Directions: Within the records below, reproduce without change the lines from the line that has "Intel Ra mắt" through the line that has "Union Jack Fabric", and only those.

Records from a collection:
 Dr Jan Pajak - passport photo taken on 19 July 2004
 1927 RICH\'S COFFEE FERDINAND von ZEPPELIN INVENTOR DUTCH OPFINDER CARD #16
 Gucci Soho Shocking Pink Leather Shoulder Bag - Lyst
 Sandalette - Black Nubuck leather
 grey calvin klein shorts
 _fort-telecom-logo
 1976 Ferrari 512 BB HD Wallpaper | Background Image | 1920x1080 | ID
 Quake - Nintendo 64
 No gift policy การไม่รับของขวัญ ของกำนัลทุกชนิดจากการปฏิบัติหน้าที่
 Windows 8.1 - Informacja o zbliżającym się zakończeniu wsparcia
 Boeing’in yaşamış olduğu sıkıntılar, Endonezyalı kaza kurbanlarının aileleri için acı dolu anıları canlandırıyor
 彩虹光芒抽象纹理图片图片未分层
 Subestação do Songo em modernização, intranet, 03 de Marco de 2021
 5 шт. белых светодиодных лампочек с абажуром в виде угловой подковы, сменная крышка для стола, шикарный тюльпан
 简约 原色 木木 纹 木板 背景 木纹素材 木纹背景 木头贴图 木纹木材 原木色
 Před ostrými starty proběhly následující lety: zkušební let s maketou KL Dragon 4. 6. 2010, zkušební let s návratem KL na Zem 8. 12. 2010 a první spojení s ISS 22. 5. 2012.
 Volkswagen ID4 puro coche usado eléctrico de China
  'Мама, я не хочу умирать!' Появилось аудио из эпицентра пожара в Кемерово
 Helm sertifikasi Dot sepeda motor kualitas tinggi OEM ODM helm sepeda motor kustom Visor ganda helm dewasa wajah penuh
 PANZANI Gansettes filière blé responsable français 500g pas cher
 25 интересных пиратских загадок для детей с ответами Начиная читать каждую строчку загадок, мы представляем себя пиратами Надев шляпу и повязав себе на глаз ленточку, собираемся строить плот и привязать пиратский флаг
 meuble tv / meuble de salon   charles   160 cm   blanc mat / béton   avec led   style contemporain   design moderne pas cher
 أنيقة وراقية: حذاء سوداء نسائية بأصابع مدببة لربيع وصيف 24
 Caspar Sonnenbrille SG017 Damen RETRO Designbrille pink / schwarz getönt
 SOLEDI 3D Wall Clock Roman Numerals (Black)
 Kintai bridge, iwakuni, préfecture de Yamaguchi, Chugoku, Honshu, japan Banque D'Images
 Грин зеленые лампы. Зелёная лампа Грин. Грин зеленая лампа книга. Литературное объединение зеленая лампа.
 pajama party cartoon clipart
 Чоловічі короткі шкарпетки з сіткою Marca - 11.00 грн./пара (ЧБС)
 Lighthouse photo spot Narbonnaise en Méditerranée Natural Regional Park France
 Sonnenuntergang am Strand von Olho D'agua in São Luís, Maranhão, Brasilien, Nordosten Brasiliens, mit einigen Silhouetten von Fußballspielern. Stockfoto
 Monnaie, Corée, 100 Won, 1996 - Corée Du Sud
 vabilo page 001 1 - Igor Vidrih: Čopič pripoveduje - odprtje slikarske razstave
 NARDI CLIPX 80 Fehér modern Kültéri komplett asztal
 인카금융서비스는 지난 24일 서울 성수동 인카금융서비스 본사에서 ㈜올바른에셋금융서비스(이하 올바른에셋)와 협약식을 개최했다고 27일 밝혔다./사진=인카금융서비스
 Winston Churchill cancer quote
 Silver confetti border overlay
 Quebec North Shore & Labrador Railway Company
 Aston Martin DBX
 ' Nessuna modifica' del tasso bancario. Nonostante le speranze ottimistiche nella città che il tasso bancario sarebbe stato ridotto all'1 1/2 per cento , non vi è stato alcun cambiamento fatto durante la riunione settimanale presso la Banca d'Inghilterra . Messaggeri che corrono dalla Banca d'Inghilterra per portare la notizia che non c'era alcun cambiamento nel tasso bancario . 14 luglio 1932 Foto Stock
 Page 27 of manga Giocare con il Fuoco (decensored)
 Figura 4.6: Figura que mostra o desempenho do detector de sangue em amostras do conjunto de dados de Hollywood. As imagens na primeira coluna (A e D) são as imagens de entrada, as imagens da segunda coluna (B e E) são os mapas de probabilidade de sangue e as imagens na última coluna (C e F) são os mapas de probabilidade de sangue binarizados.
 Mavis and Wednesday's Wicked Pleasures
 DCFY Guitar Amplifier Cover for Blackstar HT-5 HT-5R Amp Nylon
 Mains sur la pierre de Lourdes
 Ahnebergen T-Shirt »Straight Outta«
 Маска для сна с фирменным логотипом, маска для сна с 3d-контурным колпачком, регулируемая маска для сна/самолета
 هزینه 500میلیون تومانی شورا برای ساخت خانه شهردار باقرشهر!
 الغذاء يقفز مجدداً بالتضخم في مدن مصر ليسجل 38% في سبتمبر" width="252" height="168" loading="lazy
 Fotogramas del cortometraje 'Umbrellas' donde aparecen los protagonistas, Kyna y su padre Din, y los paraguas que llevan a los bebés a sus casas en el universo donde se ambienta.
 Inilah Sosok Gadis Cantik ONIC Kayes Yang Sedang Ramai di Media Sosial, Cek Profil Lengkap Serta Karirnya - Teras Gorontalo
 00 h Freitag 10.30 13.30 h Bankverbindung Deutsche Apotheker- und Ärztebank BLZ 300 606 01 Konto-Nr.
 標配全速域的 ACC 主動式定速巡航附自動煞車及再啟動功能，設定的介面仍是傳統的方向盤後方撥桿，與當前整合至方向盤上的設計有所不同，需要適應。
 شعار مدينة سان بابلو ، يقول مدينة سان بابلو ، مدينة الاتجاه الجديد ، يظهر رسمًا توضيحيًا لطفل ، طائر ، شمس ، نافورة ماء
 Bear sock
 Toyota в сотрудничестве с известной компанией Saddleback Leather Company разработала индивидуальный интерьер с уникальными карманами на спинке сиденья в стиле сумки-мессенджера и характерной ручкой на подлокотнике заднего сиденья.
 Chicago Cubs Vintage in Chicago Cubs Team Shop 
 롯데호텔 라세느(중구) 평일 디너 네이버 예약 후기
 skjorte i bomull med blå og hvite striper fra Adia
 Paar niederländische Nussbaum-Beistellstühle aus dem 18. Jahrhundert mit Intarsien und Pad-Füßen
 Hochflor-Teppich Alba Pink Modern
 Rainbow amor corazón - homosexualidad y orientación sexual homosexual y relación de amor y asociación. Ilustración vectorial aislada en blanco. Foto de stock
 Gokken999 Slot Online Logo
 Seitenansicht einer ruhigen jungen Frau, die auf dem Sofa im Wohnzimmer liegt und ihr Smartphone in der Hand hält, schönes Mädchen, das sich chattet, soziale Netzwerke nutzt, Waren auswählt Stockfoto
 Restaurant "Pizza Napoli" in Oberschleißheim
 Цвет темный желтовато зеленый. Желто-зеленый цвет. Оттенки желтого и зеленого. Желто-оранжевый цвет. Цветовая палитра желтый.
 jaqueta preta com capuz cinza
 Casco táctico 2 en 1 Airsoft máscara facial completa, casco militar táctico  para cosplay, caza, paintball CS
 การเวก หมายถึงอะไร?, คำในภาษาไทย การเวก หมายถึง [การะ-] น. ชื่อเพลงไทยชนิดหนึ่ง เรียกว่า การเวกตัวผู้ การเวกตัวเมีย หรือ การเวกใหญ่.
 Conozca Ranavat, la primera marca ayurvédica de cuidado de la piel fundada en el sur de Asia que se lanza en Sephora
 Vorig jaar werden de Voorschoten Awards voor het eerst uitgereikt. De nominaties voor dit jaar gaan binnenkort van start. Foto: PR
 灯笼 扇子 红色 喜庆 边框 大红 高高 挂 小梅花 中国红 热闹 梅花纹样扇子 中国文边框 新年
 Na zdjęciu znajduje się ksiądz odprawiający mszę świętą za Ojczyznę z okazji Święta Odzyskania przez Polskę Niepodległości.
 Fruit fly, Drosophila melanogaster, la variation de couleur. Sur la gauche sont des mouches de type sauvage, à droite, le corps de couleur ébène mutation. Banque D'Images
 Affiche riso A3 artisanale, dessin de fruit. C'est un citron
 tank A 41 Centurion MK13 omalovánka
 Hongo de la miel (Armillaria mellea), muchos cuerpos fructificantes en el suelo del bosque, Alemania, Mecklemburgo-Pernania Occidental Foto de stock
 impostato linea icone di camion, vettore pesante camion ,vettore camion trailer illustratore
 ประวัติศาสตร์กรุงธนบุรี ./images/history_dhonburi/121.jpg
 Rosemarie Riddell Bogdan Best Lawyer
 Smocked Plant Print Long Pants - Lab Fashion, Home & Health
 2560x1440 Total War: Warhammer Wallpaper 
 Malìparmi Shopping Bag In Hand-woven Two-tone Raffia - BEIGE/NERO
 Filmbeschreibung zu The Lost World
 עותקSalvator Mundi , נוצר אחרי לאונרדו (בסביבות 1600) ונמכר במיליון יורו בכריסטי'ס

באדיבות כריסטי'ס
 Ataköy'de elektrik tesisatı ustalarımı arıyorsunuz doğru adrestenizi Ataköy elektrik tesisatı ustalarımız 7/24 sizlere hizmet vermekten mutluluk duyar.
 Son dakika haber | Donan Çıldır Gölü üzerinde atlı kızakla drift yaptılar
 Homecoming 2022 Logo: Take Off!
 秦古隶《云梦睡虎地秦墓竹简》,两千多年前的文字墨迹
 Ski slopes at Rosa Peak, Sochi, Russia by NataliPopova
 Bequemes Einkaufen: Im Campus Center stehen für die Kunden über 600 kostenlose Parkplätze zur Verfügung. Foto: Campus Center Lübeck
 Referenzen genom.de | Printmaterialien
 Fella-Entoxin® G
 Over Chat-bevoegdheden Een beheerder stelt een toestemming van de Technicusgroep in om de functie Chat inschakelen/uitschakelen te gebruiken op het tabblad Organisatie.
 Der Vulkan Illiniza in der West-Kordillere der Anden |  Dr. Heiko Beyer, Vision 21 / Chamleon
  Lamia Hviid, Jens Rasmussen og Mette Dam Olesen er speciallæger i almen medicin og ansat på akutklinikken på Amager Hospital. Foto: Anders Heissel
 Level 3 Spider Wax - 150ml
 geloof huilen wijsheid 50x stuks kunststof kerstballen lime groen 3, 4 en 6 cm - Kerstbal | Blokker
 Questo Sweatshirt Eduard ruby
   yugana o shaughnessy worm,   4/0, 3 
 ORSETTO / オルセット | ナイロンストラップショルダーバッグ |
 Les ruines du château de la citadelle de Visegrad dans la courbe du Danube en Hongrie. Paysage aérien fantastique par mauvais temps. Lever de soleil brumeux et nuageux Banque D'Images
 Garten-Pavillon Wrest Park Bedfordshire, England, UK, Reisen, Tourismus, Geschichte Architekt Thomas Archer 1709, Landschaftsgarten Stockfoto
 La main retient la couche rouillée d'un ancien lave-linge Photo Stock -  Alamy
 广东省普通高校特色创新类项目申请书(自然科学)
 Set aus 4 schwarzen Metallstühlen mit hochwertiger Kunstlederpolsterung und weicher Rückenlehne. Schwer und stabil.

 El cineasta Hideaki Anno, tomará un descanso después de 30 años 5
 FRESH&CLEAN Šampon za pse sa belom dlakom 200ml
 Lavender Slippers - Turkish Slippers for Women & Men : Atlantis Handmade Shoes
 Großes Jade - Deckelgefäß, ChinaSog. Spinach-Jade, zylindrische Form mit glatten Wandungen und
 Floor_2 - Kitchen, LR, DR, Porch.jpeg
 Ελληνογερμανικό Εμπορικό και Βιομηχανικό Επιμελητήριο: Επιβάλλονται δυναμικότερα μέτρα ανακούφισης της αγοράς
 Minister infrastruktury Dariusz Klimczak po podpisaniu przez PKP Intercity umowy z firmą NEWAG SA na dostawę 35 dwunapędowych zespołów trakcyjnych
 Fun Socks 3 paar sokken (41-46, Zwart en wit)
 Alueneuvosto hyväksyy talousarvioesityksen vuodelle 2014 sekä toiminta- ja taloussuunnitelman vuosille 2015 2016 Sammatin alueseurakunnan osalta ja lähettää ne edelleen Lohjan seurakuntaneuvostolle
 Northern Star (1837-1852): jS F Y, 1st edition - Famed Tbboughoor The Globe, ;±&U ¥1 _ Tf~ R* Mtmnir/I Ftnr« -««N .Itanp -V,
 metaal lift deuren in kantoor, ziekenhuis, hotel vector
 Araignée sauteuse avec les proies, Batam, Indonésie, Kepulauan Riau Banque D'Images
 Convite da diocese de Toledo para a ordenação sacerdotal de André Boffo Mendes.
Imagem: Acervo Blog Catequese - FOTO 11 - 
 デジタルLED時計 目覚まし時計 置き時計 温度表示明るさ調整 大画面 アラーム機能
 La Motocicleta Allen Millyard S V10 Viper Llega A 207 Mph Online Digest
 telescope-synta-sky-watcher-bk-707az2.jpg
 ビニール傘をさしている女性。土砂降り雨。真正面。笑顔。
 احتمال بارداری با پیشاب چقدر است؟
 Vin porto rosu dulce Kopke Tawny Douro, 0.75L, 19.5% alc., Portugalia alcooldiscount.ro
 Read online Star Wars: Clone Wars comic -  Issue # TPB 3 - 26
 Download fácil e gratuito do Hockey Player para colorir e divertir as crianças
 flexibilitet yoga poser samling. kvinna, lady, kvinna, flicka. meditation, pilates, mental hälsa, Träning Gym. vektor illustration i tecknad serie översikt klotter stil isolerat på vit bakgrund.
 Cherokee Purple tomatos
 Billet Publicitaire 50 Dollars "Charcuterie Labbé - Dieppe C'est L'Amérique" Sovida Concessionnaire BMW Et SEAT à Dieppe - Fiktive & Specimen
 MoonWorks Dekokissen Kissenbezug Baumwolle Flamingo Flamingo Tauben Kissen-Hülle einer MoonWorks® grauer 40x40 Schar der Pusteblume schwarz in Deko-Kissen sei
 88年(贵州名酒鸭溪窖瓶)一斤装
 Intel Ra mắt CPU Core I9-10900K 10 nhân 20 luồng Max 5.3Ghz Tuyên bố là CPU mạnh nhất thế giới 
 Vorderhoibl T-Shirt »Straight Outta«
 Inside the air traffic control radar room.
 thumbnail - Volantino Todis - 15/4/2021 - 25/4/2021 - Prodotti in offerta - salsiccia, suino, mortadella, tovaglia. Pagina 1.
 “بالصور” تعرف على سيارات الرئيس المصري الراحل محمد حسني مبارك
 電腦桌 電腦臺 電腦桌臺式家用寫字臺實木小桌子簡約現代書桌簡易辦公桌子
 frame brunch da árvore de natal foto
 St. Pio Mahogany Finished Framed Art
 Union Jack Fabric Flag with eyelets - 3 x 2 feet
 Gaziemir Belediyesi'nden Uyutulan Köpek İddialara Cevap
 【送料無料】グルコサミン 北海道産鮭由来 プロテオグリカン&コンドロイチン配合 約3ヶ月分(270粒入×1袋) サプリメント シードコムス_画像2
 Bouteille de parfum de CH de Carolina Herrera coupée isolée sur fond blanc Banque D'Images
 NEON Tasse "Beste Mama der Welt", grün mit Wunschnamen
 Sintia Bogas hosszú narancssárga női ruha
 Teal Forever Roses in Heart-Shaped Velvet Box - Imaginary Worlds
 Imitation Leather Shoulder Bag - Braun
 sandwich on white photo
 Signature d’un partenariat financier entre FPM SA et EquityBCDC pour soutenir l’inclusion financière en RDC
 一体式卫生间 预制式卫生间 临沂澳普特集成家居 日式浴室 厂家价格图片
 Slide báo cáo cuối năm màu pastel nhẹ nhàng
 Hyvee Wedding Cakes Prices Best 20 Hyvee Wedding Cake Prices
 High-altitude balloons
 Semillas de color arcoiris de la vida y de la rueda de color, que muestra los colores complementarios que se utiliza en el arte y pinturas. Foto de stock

Written solution:
 Intel Ra mắt CPU Core I9-10900K 10 nhân 20 luồng Max 5.3Ghz Tuyên bố là CPU mạnh nhất thế giới 
 Vorderhoibl T-Shirt »Straight Outta«
 Inside the air traffic control radar room.
 thumbnail - Volantino Todis - 15/4/2021 - 25/4/2021 - Prodotti in offerta - salsiccia, suino, mortadella, tovaglia. Pagina 1.
 “بالصور” تعرف على سيارات الرئيس المصري الراحل محمد حسني مبارك
 電腦桌 電腦臺 電腦桌臺式家用寫字臺實木小桌子簡約現代書桌簡易辦公桌子
 frame brunch da árvore de natal foto
 St. Pio Mahogany Finished Framed Art
 Union Jack Fabric Flag with eyelets - 3 x 2 feet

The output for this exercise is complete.